LJ lives again!
Nov. 5th, 2006 12:36 am![[personal profile]](https://www.dreamwidth.org/img/silk/identity/user.png)
So, I keep seeing Georgette Heyer mentioned as an influence on Swordspoint, and I want to read some of her books, but apparently she wrote, like, fifty, and I have no idea where to start. Does anyone have recommendations for ones that are particularly relevant/well-written?
Any other book recommendations, by the way, are also welcome. And I know, I know, asking for such general recommendations tends to get me few responses, because it's so wide open that it actually stymies thought instead of encouraging it, but I can't think of a genre I want at the moment, other than "good". Um. Epic fantasy with interesting relationships always gets bonus points from me?
Any other book recommendations, by the way, are also welcome. And I know, I know, asking for such general recommendations tends to get me few responses, because it's so wide open that it actually stymies thought instead of encouraging it, but I can't think of a genre I want at the moment, other than "good". Um. Epic fantasy with interesting relationships always gets bonus points from me?
Re: Lymond
Date: 2006-11-05 09:59 pm (UTC)Well, yes. But the fact that people like different things and can enjoy the same work for different reasons is precisely what makes it potentially interesting to talk about -- as long as you can avoid the ugly thing where people take disagreement or differing reactions as assaults on their own taste and judgment. I know that not everybody shares my obsessive urge to dissect these things, and to try to figure out what something like a novel or a picture look like to people whose minds and tastes are wildly different from mine, and I do try not to inflict it on people who'll hate it.
But I always want to know. I mean, I live inside my own head. I already know what it looks like from in here. How other people see it is so much more interesting . . .
Re: Lymond
Date: 2006-11-05 10:08 pm (UTC)I didn't mind all the confusing details of people's relationships and alliances and networks so much- I was annoyed that every character seemed to have at least five names, which they used interchangeably and without explanation- but since I've already mentioned by fondness for epic fantasy, I'm used to huge cast lists with incredibly complex interworkings, so I didn't mind having to spend time figuring out who was who.
I didn't like Lymond, though. He was such an asshole, and I know, I know: which of my favorite characters aren't assholes? But he seemed so smug and self-centered in his cynicism, as though on some level he enjoyed the terrible things which had happened to him because they gave him the excuse to act exactly as mistreated and unloved as he'd always secretly known he was. He wasn't broken so much as indulging in misery, and I only enjoy watching people be cruel if they have a reason for doing it beyond spite.
Re: Lymond
Date: 2006-11-05 10:57 pm (UTC)Oooh, yes. That was pretty much the reaction most of my friends had to the books on first read. So much so that by the end of the third book -- no, I'm not going to give details, I suppose that would be too spoiler-y of me. Let's just say that by the time the villain has the opportunity to do it, everyone I knew was only dying for him to beat Lymond to a bloody pulp, on the grounds that it was about time someone got to do it.

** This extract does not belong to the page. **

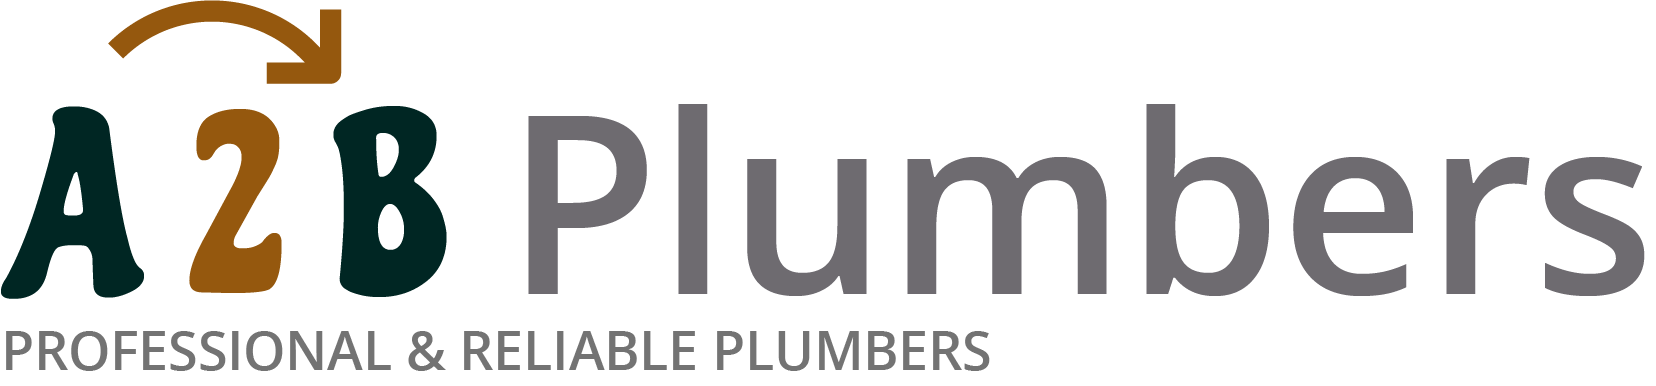 If you need a boiler installed, a radiator repaired or a leaking tap fixed, call us now - we provide services for properties in Plymouth and the local area.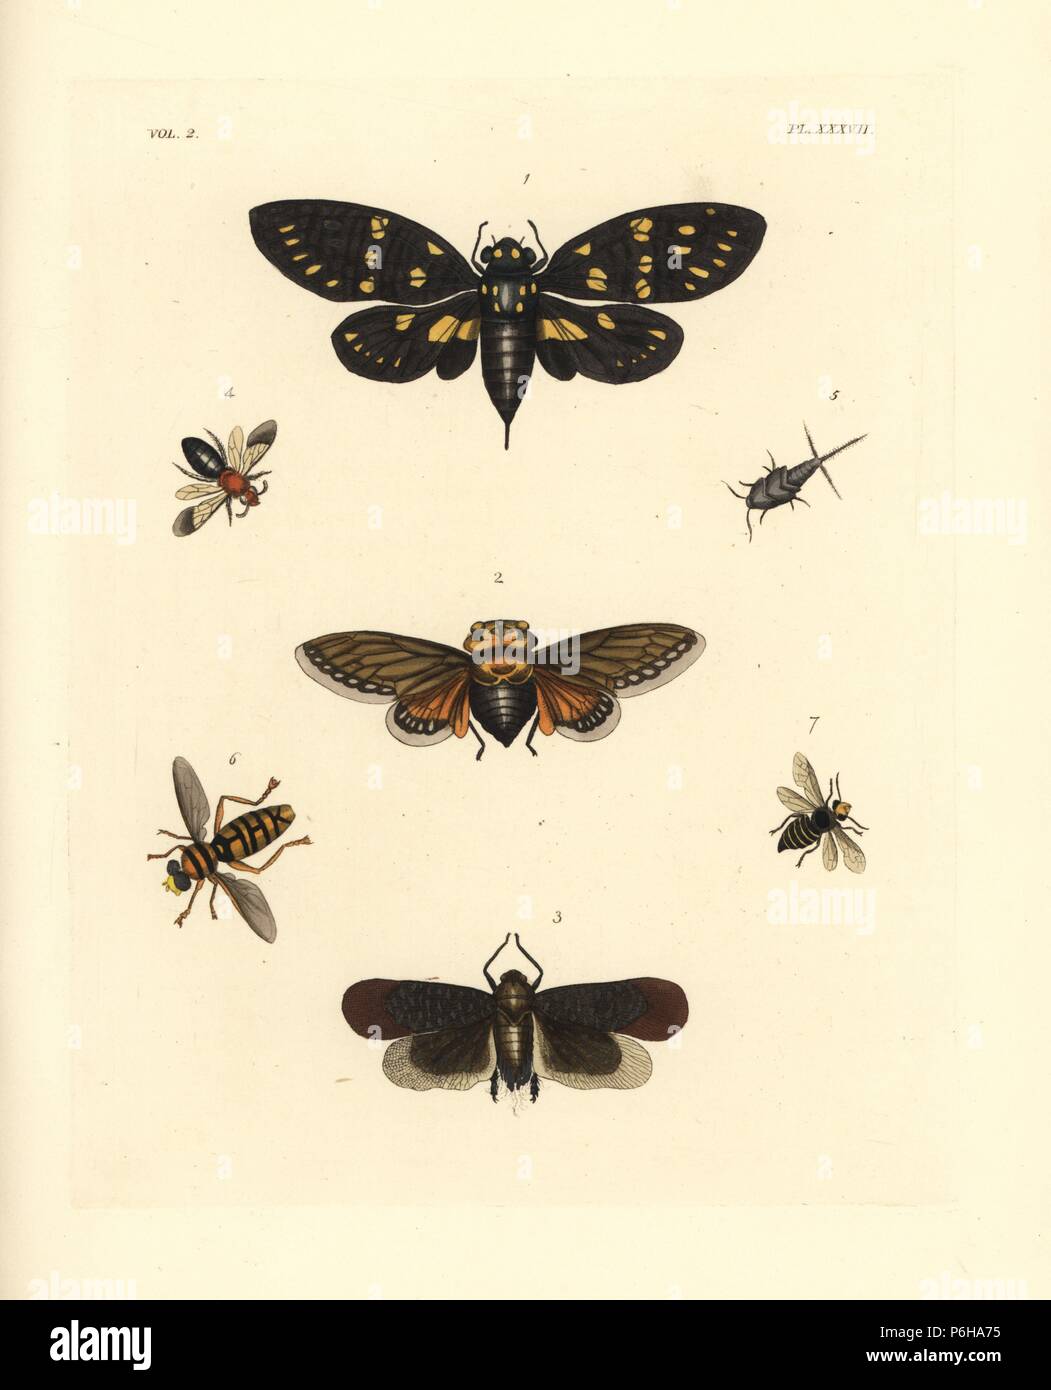 Speckled black cicada, Gaeana maculata 1, Platypleura capensis 2, Lystra lanata 3, Andrena thoracica 4, Acrotelsa collaris 5, hoverfly, Milesia virginiensis 6, and paper wasp, polistes annularis 7. Handcoloured lithograph from John O. Westwood's new edition of Dru Drury's 'Illustrations of Exotic Entomology,' Bohn, London, 1837. Stock Photo

I hadn't read broadly enough at the time to diagnose it as I would now, but these days I'm inclined to think that the Lymond problem is that he's an angst-flavored Mary Sue. It's not just that he's prettier than everyone and smarter than everyone; it's that everyone he ever meets instantly becomes obsessed with him, and that the narrative suggests to us that we're supposed to love, admire, and envy him as blindly and obsessively as all the characters do. It's not terribly attractive, as attitudes go.
And yet, this would not stop me from saying that it might well be worth giving the next volume, or the one after that, a try. The books have a lot of strengths: Dunnett's gift for pure storytelling really comes out in the next book, her feel for politics is sophisticated and interesting -- she gives you the feeling that her people are grown-ups, and that the world is a big and complicated place, which many writers can't quite manage -- and while she's not really trying for historical accuracy in terms of people's worldviews and psychology, her precision about the material aspects of her period is a beautiful thing to behold. And God, can she write dialogue when she feels like it. And her set pieces -- things like a race over rooftops at night -- are glorious things to behold, Angst-King Mary Sue or no Angst-King Mary Sue.
Ah, this brings it all back, that first-time group trip through those books. None of us ever knew, moment to moment, whether we wanted to squee over them or hurl them across the room in utter disgust.
Re: Lymond
Date: 2006-11-08 01:36 am (UTC)But if the appeal of the books is something else, I too can join in the squeeing.
Re: Lymond
Date: 2006-11-05 11:10 pm (UTC)It took me four books before I realized that "Margaret" and "Lady Erskine" (or some such set of names) were the same person.